Piotr Michalowski, Andrew Drury, and Joe McPhee played Encore Records on October 17 as a warm-up to Kerrytown Concert House's annual Edgefest (Oct. 18-21). Photo by Eric Gallippo.

As free-jazz hero Joe McPhee got started on the third movement of Tuesday night's Fringe at the Edge concert at Encore Records, he settled into a minimalist, two-beat groove that was sometimes barely audible.

While McPhee patted his palm against the mouthpiece of his pocket trumpet, drummer Andrew Drury fell in, lightly tapping skins, rims, and cymbals for a nervous, anti-beat.

Piotr Michalowski held his sopranino saxophone and listened a moment, then completed the percussive theme by popping and puffing through his horn, before the trio opened up into long-toned exuberance. When it was over, Drury made Michalowski jump and then grin, as he frantically bowed away at some metal for a screeching effect.

Announcing the band members between numbers, Edgefest organizer Deanna Relyea shared that the visiting McPhee and Drury would be up early Wednesday morning to teach music students at Scarlett Middle School. Ann Arborite Michalowski, Relyea's husband, would be up early too, she joked: "To clean the house."
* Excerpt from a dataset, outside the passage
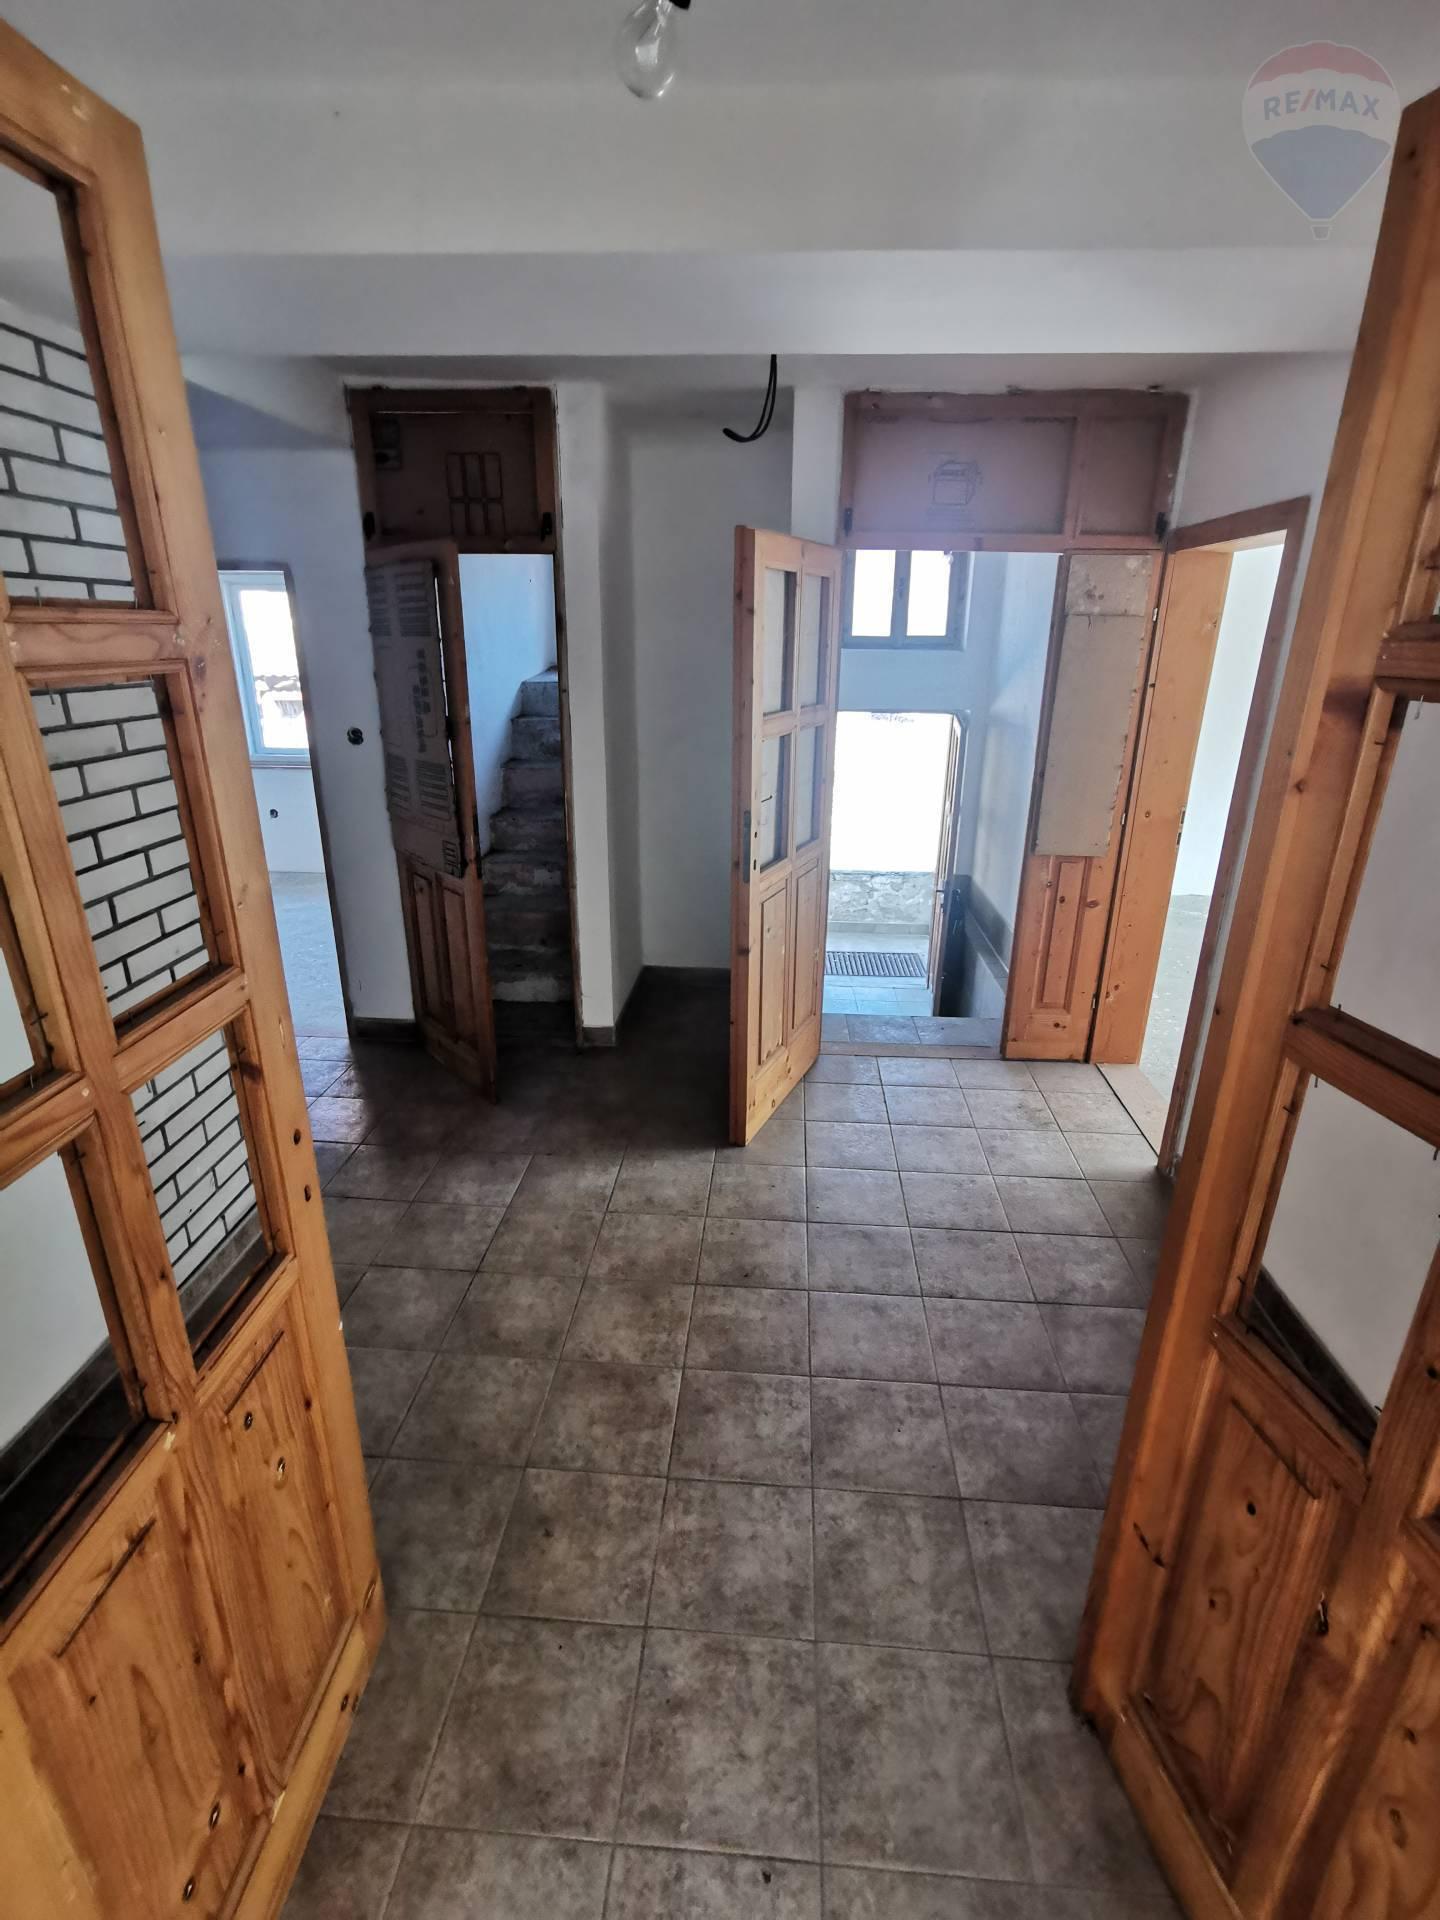 Predaj domu 150 m2, Oravský Biely Potok - Dom Oravský Biely Potok na predaj

If you've followed jazz or improvisational music in Ann Arbor at all for the last 20 or 30 years, you've probably run into, read something by, or seen and heard some mind-expanding reed work by Michalowski.

The improv-music-scene staple is a regular face at Kerrytown Concert House's avant-garde Edge events, including its annual Edgefest, which returns this week for the 21st edition (Oct. 18-21), where he also often plays as a scheduled performer or sits in with visiting musicians. He also writes a monthly music column for the Ann Arbor Observer.

While he can hang with players like Drury and McPhee ("Joe McPhee, you know, is God," he says), Michalowski, makes it clear he's a hobbyist when talking about his own music -- "a palette cleanser" from the academic rigor of his previous 9 to 5 as a professor of Near Eastern Studies at the University of Michigan.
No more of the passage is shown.